Il principio dell’hub è semplice e molto poco esotico: si tratterebbe di fare dell’Italia un Paese di transito per il gas diretto in altri Paesi europei. In questo modo, Snam Rete Gas potrebbe ricevere un pagamento per l’utilizzo delle infrastrutture di trasporto. In teoria, oltre al guadagno per l’operatore di rete, un altro vantaggio dell’essere un hub sarebbe poter contare su un’ulteriore espansione della capacità di importazione. Questo determinerebbe un aumento della sicurezza di approvvigionamento nazionale, che in caso di problemi su una linea di importazione, potrebbe contare sulle altre. Nel caso dell’Italia, occorre considerare una questione spesso taciuta: per essere un Paese di transito occorrono tanto i Paesi esportatori quanto quelli importatori. Questo pone due problemi: innanzitutto, gli altri mercati del gas europei sono in un momento di crisi e le aspettative di crescita della domanda sono limitate. In secondo luogo, l’Italia in questo momento non dispone di capacità di esportazione e al momento esiste solo un progetto verso la Germania, via Austria (il Tauern Gasleitung), che però deve ancora affrontare tutto l’iter autorizzativo. Per l’Italia essere un hub non è realisticamente una prospettiva di breve periodo.

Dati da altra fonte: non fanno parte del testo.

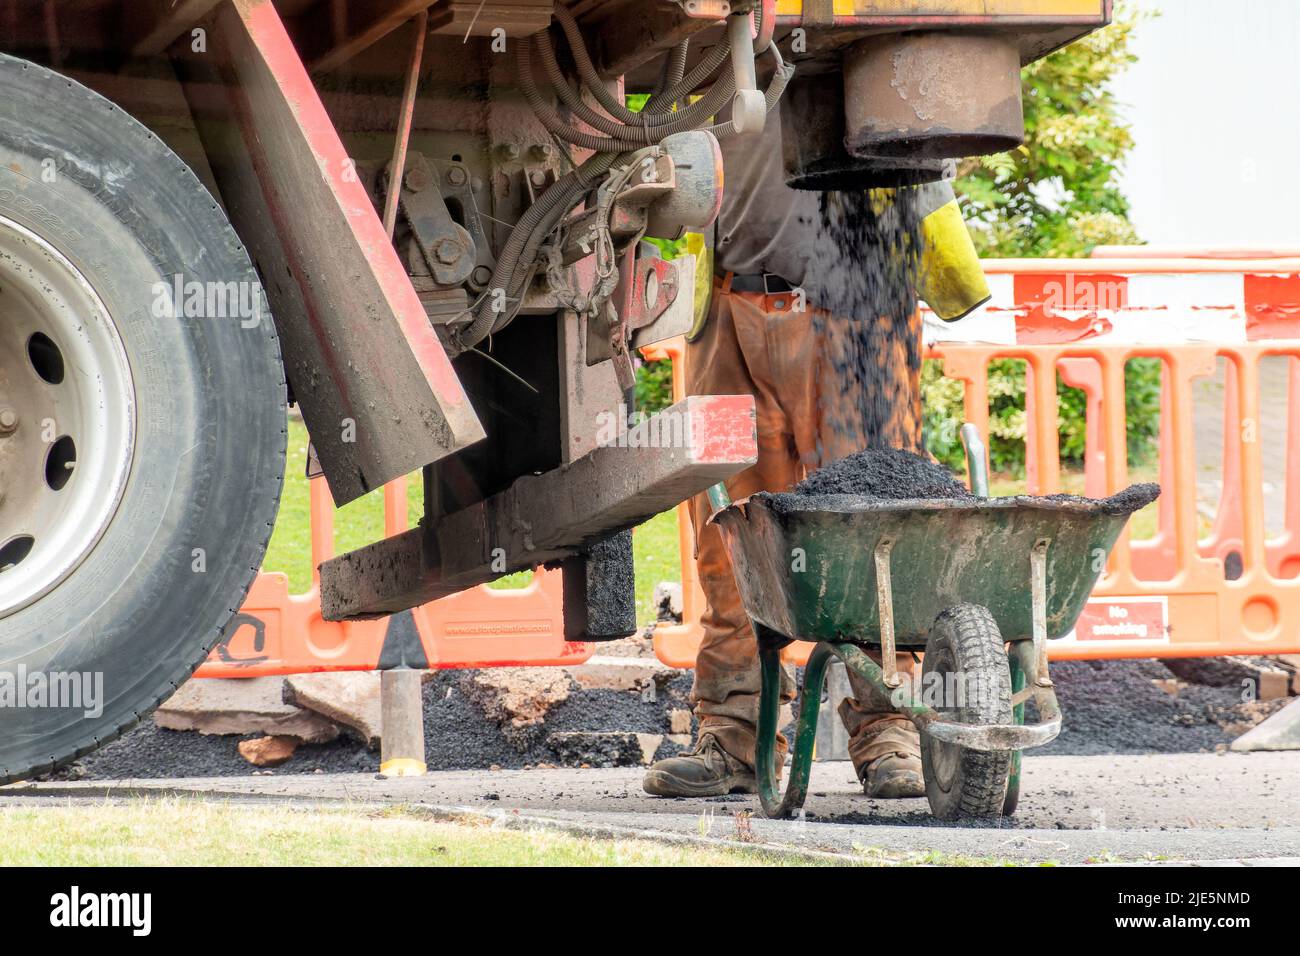 Un obrero espera junto a una carretilla mientras se llena de asfalto fresco de un camión. El asfalto es para reparaciones a una calle que ha sido excavada Foto de stock

Capitolo stoccaggi. Le grandi manovre in questo senso sono giustificate? Il gioco vale la candela?

Gli stoccaggi assolvono due funzioni fondamentali: sono una riserva di sicurezza, la cui utilità è stata dimostrata ampiamente nel corso della crisi di febbraio. In questo caso, si tratta di un vero e proprio bene pubblico, tanto che 5 dei 14 Gmc di capacità di stoccaggio italiana sono riserva strategica, ossia possono essere immessi in rete solo con l’autorizzazione del Ministero dello sviluppo economico. In secondo luogo, una buona capacità di stoccaggio consente di avere un mercato meglio funzionante, permettendo agli operatori di sfruttare le differenze tra i prezzi nelle diverse stagioni per aumentare la concorrenza tutto l’anno.

Considerando la situazione strutturale italiana, a chi conviene stoccare gas? Come sarebbe possibile quantificare il guadagno ad esempio di Stogit, quasi monopolista?

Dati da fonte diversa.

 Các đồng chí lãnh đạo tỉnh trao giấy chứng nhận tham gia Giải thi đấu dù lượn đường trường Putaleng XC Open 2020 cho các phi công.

Conviene a tutti, in che misura dipende dalla regolazione applicata. In un mercato funzionante lo stoccaggio consente di abbassare i prezzi per i consumatori finali, sfruttando la stagionalità dei prezzi della materia prima. Affinché ciò sia possibile, è tuttavia necessario che l’Autorità predisponga meccanismi funzionanti. Inoltre, all’attuale stadio del mercato nazionale, la redditività degli investimenti in capacità di stoccaggio è decisa sostanzialmente per via amministrativa.

 

Ci faccia capire meglio il concetto di reddività.
La redditività di un investimento in capacità di stoccaggio dipende dall’Autorità per l’energia, che decide le relative tariffe attraverso appositi documenti. Quello attuale è valido fino al 2014. La logica alla base di questo meccanismo è che lo stoccaggio è un servizio indispensabile per il corretto funzionamento di un mercato liberalizzato e che, dato l’attuale assetto del mercato, una concorrenza meno strettamente regolata darebbe risultati subottimali per i consumatori finali e per l’economia in generale.